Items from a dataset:
<<<<

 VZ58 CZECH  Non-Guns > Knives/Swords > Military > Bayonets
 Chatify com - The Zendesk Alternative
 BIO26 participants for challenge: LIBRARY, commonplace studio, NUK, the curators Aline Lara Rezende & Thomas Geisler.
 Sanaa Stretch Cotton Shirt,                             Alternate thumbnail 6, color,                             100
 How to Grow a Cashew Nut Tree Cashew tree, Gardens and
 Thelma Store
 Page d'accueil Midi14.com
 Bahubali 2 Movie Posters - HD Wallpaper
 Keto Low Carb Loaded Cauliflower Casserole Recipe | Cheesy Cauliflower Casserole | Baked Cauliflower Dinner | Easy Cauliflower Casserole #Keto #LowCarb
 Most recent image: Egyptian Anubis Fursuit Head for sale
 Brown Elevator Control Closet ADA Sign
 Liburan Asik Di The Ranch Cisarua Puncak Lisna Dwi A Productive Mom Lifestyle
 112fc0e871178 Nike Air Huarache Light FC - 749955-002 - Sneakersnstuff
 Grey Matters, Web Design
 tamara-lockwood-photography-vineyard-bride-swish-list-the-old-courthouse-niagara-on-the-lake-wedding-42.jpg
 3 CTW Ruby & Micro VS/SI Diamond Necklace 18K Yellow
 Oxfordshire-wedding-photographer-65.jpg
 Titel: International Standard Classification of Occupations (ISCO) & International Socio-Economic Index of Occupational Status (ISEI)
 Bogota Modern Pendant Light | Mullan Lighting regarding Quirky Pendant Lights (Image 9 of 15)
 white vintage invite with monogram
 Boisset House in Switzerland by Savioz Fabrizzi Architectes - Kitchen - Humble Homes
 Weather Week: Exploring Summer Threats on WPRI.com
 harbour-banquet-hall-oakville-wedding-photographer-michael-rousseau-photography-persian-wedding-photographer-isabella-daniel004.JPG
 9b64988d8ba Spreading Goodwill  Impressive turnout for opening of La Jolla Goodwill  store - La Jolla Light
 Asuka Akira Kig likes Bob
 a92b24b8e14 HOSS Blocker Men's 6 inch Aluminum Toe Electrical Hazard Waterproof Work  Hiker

>>>>

- Task: When copying the data above, keep every line exactly as written.

- Result:
 VZ58 CZECH  Non-Guns > Knives/Swords > Military > Bayonets
 Chatify com - The Zendesk Alternative
 BIO26 participants for challenge: LIBRARY, commonplace studio, NUK, the curators Aline Lara Rezende & Thomas Geisler.
 Sanaa Stretch Cotton Shirt,                             Alternate thumbnail 6, color,                             100
 How to Grow a Cashew Nut Tree Cashew tree, Gardens and
 Thelma Store
 Page d'accueil Midi14.com
 Bahubali 2 Movie Posters - HD Wallpaper
 Keto Low Carb Loaded Cauliflower Casserole Recipe | Cheesy Cauliflower Casserole | Baked Cauliflower Dinner | Easy Cauliflower Casserole #Keto #LowCarb
 Most recent image: Egyptian Anubis Fursuit Head for sale
 Brown Elevator Control Closet ADA Sign
 Liburan Asik Di The Ranch Cisarua Puncak Lisna Dwi A Productive Mom Lifestyle
 112fc0e871178 Nike Air Huarache Light FC - 749955-002 - Sneakersnstuff
 Grey Matters, Web Design
 tamara-lockwood-photography-vineyard-bride-swish-list-the-old-courthouse-niagara-on-the-lake-wedding-42.jpg
 3 CTW Ruby & Micro VS/SI Diamond Necklace 18K Yellow
 Oxfordshire-wedding-photographer-65.jpg
 Titel: International Standard Classification of Occupations (ISCO) & International Socio-Economic Index of Occupational Status (ISEI)
 Bogota Modern Pendant Light | Mullan Lighting regarding Quirky Pendant Lights (Image 9 of 15)
 white vintage invite with monogram
 Boisset House in Switzerland by Savioz Fabrizzi Architectes - Kitchen - Humble Homes
 Weather Week: Exploring Summer Threats on WPRI.com
 harbour-banquet-hall-oakville-wedding-photographer-michael-rousseau-photography-persian-wedding-photographer-isabella-daniel004.JPG
 9b64988d8ba Spreading Goodwill  Impressive turnout for opening of La Jolla Goodwill  store - La Jolla Light
 Asuka Akira Kig likes Bob
 a92b24b8e14 HOSS Blocker Men's 6 inch Aluminum Toe Electrical Hazard Waterproof Work  Hiker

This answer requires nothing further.